**Data extract**
---------------
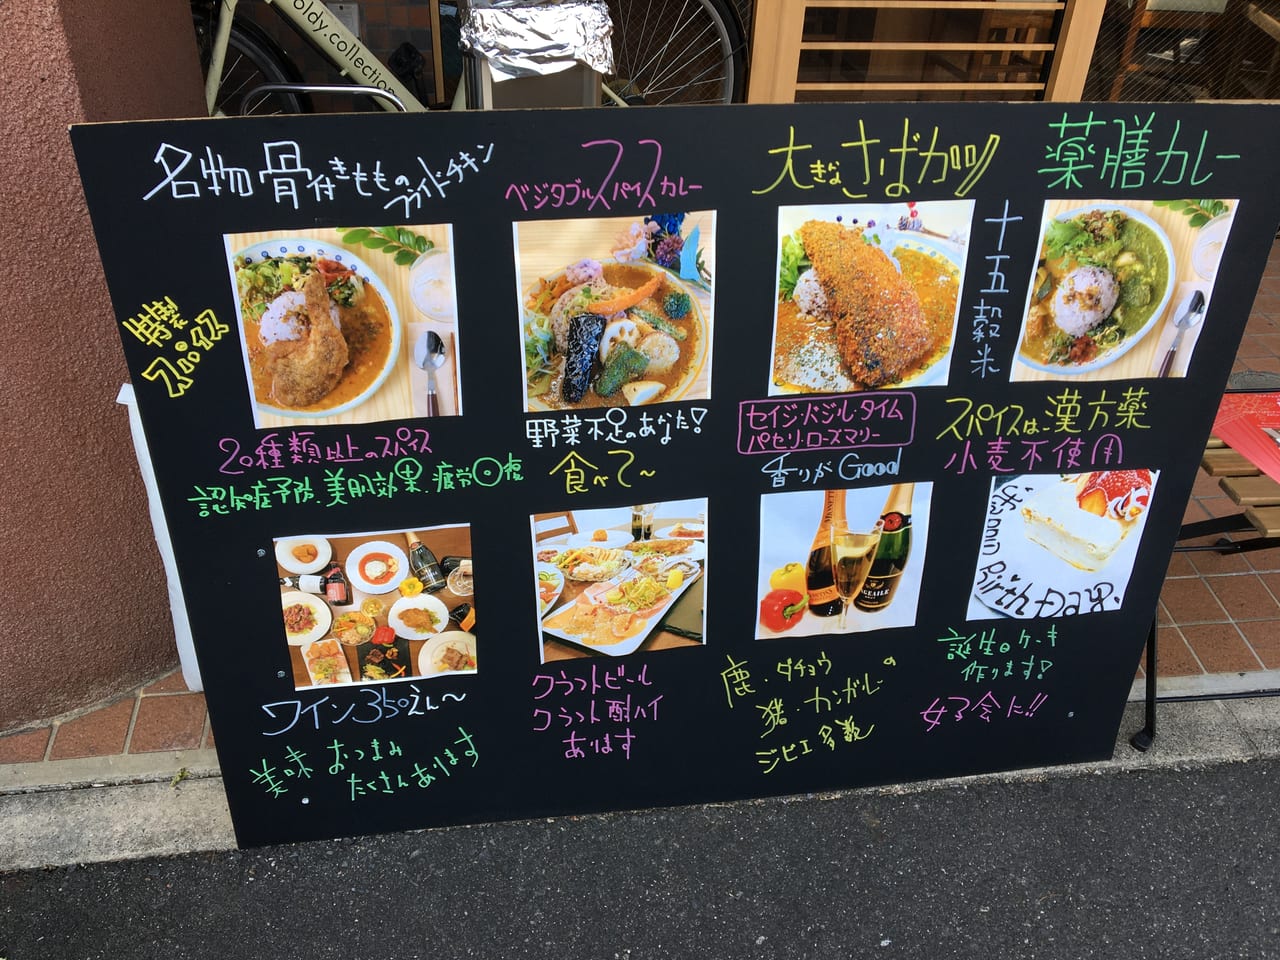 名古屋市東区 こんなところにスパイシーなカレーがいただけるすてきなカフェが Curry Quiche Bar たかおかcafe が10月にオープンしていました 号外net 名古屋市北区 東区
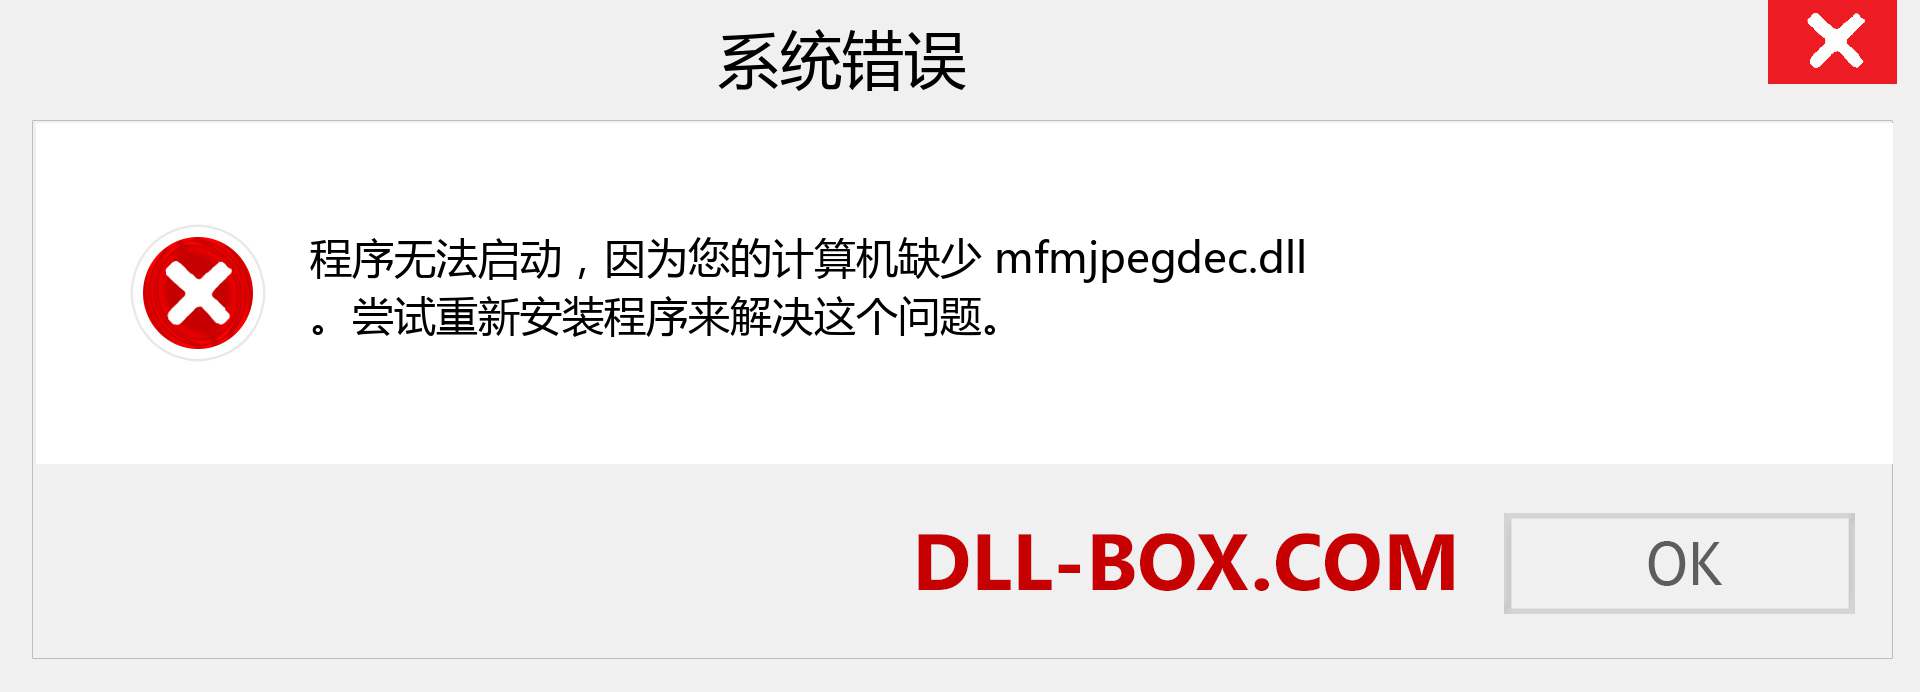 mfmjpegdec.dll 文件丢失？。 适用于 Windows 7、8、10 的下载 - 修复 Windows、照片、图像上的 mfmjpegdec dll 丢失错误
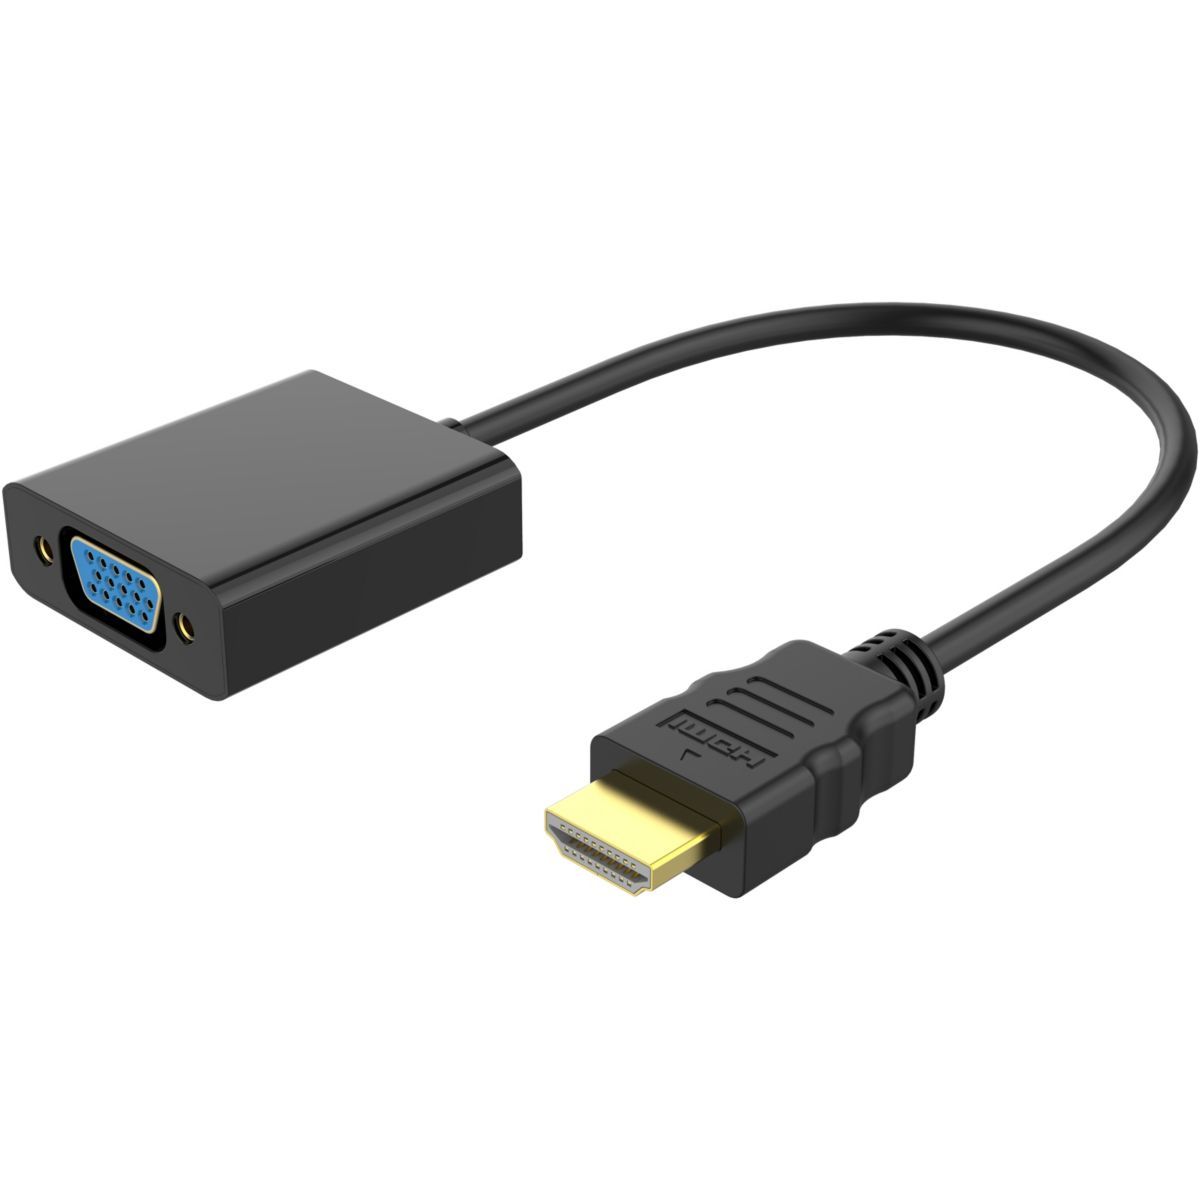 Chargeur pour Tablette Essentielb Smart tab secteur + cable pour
---------------
**Task description**
Quote in full the listing given above; the images are to be left out.

**Solution to this task**
 名古屋市東区 こんなところにスパイシーなカレーがいただけるすてきなカフェが Curry Quiche Bar たかおかcafe が10月にオープンしていました 号外net 名古屋市北区 東区
 mfmjpegdec.dll 文件丢失？。 适用于 Windows 7、8、10 的下载 - 修复 Windows、照片、图像上的 mfmjpegdec dll 丢失错误
 Chargeur pour Tablette Essentielb Smart tab secteur + cable pour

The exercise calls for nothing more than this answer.